According to the sources, the proposed insolvency legislation for ULBs might take cue from global examples like the Chapter 9 Rule in the US, to safeguard investors in municipal bonds during bankruptcy.
A proposal to allocate a portion of Goods and Service Tax (GST) proceeds directly to local bodies hasn't materialised yet.
After the Insolvency and Bankruptcy Board (ISB) amendments under the consideration of Parliament come into force, the government may look at drafting a separate legislation for handling insolvency of urban local bodies (ULBs) and municipal corporations (MCs), official sources told FE.
The move is intended to inspire confidence among lenders to these entities, which play a critical and rising role in city infrastructure creation, besides being responsible for provision of public services relating to water supply, sanitation etc.
“Currently, the creditors are sceptical of lending money to municipalities which is affecting their ability to undertake capital expenditure. A dedicated insolvency legislation will lower the risk for lenders who would be willing to lend to them at lower rates. For municipalities, this will also provide a wider pool of capital to source from,” an official said. “An insolvency mechanism designed for urban local bodies could jumpstart the investments to enhance the urban infrastructure,” the person added.
Since 2018, ULBs with relatively better credit profiles have been tapping the bond market, and the Securities and Exchange Board of India has been promoting municipal bonds as a key instrument to finance urban infrastructure and sustainable development.
According to the sources, the proposed insolvency legislation for ULBs might take cue from global examples like the Chapter 9 Rule in the US, to safeguard investors in municipal bonds during bankruptcy. Experts have pointed out that even the SEBI is yet to offer clear guidance on the aftermath of municipalities turning bankrupt and being unable to pay back their debts.
The government has been vocal about the need for ULBs to undertake massive capital expenditure. However, most of them continue to face fiscal stress, despite the efforts of the Finance Commissions to buttress their revenues, by way of direct transfers from the Centre. A proposal to allocate a portion of Goods and Service Tax (GST) proceeds directly to local bodies hasn’t materialised yet.

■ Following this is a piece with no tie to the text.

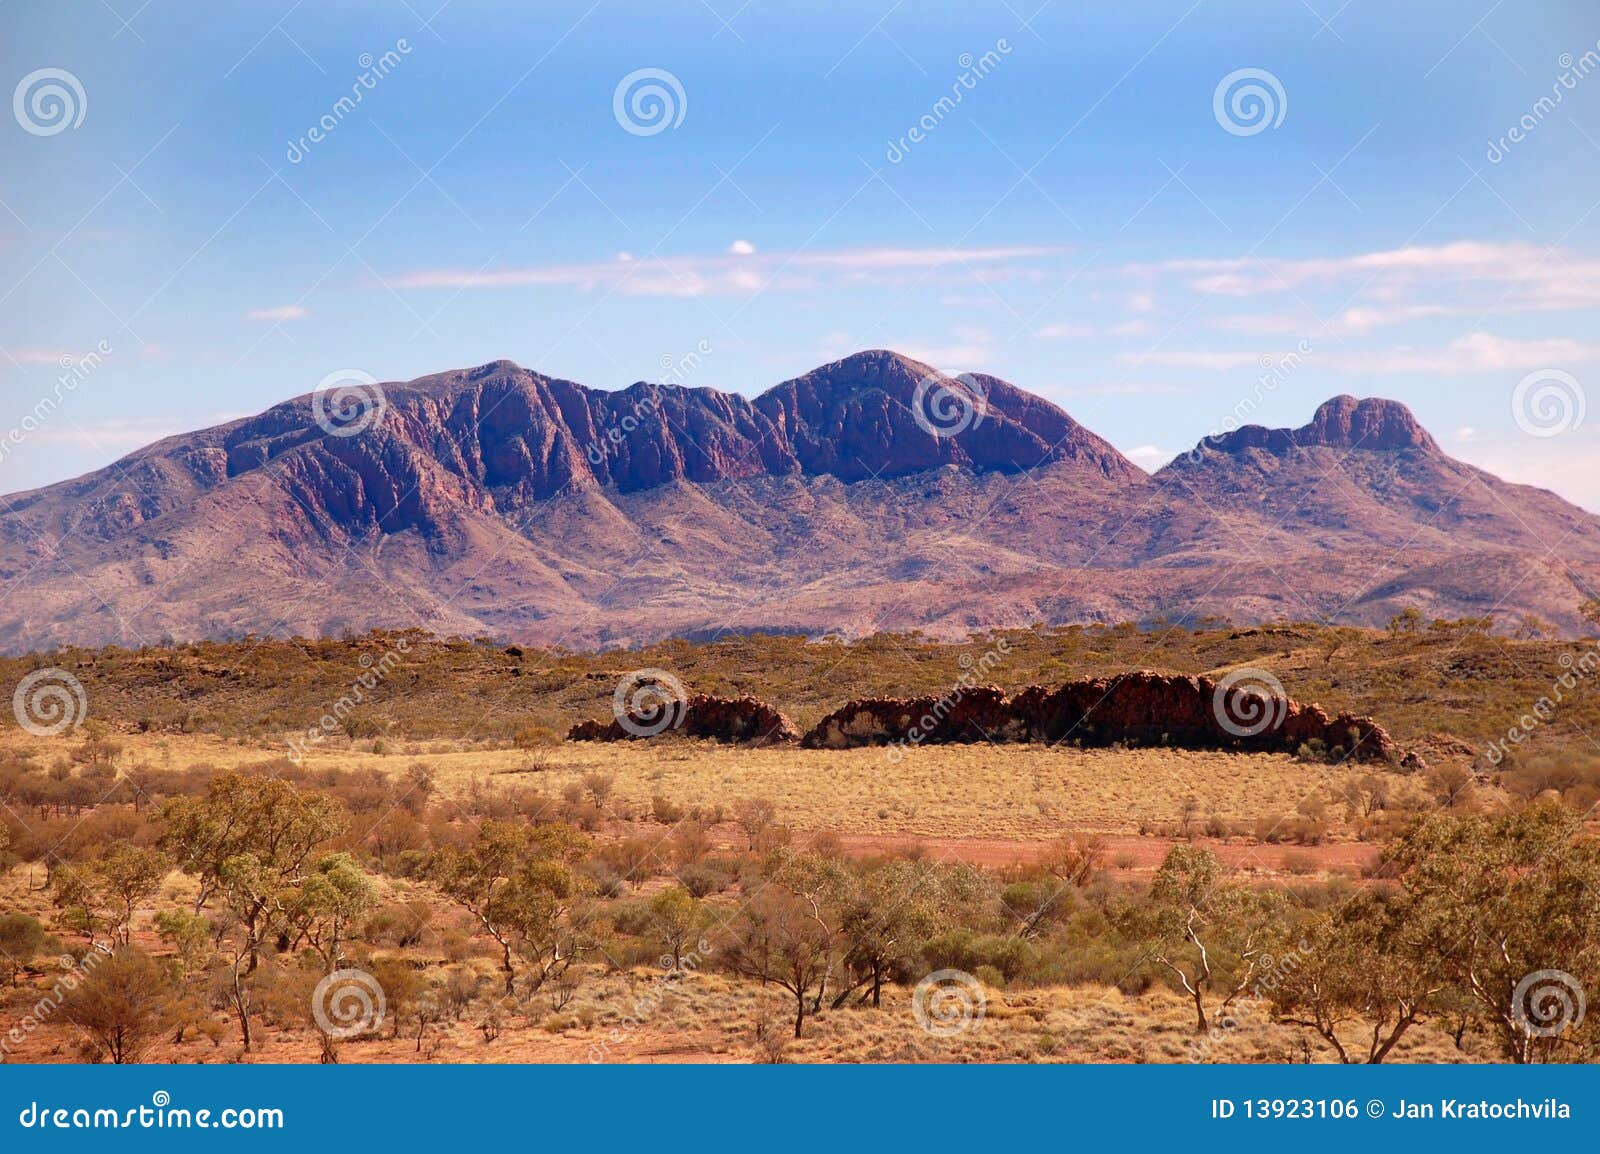 flinders ranges mountains in australia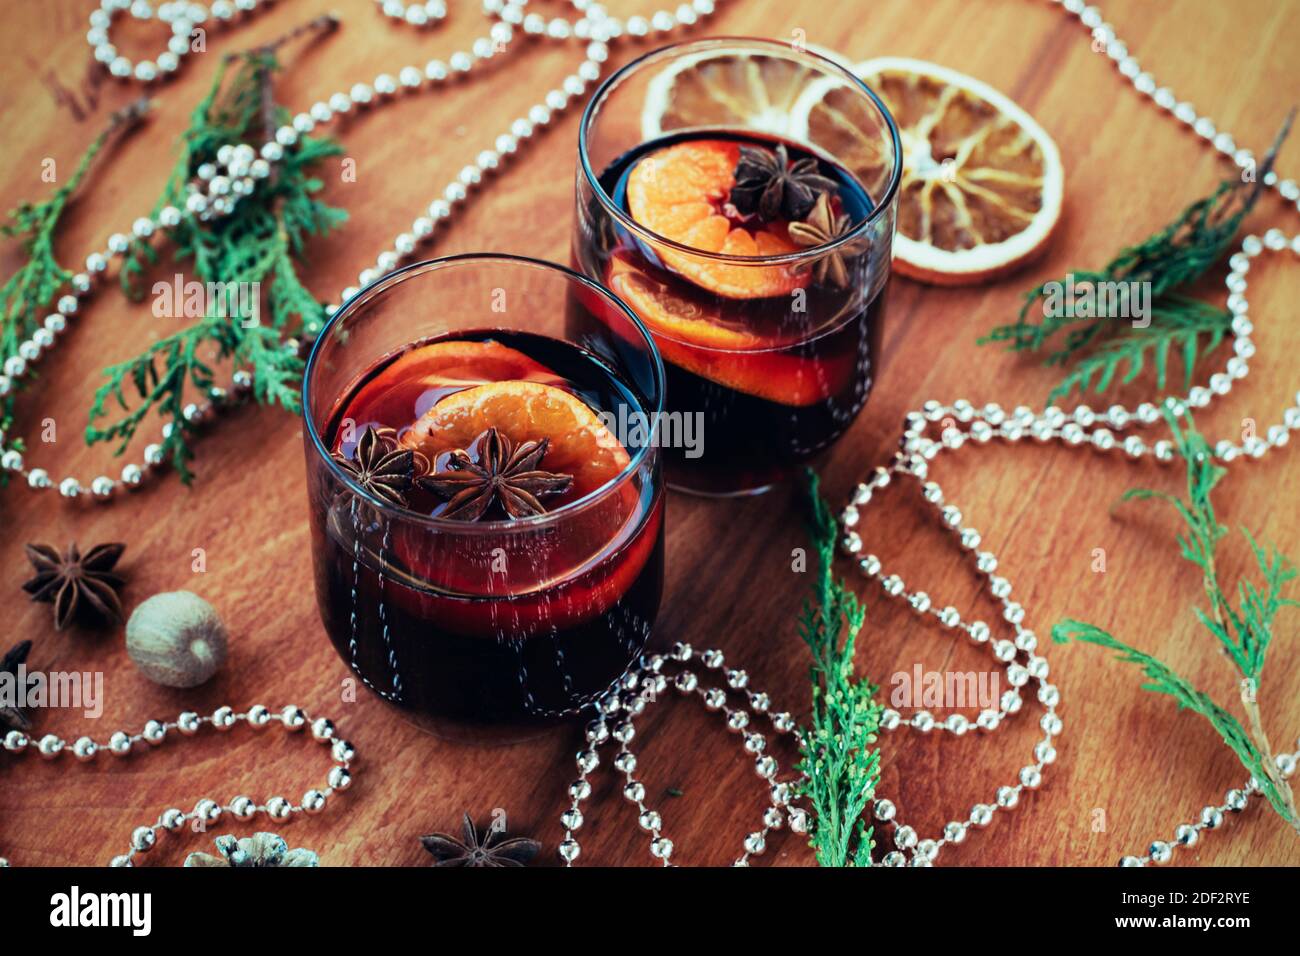 Deux verres de vin chaud aux agrumes, anis étoilé, muscade sur table en bois. Boisson de Noël de saison, décorations du nouvel an, vue du dessus. Banque D'Images

Experts said that limited sources of income and high expenditure on revenue items such as salaries have deteriorated the finances of most municipalities over the years. Also, with the GST subsuming many levies, local bodies had to let go of their tax revenue streams like octroi, local body tax and entry tax and advertisement tax.
“About 60% of the revenues of municipal corporations are spent on revenue expenditure, primarily administrative costs. Deteriorating revenue in conjunction with high administrative expenses leads to an adverse credit profile, making it difficult for the municipalities to borrow for capital expenditure, when permitted. A specialised law will give visibility to lenders to ascertain risks appropriately,” said Devendra Mehta, partner at PwC.
According to a Reserve Bank of India report, total expenditure of India’s municipal corporations stood at 1.3% of the GDP in 2023-24 (budget estimates), much lower than 7.5% in Brazil and 6% in South Africa. Capital expenditure, which comprises investments in long-term assets such as buildings, roads and bridges, rose from 56.1% of total municipal spending in 2019-20 to 61.5% in 2023-24, indicating the growing focus on building public infrastructure in urban India, the report added.
MCs’ revenue receipts, in comparison, were just 0.6% of GDP in 2023-24, a far cry from those of Central and State governments (9.2% and 14.6%, respectively). Property taxes account for around 16% of total revenue receipts and over 60% of MCs’ own tax revenue.
The principal sources of revenues for MCs are own resources (almost 59% of total revenue receipts), funds shared by the states, Central and State Finance Commission grants and loans.
An insolvency law will give confidence to creditors of structured equitable resolution, enabling municipalities to re-enter capital markets, Mehta said. “Simultaneously, the municipalities can be put on a sustainable path to deliver public services post resolution,” he added.
One reason for MCs lacking in revenue mobilisation is their inability to have cost-reflective user charges.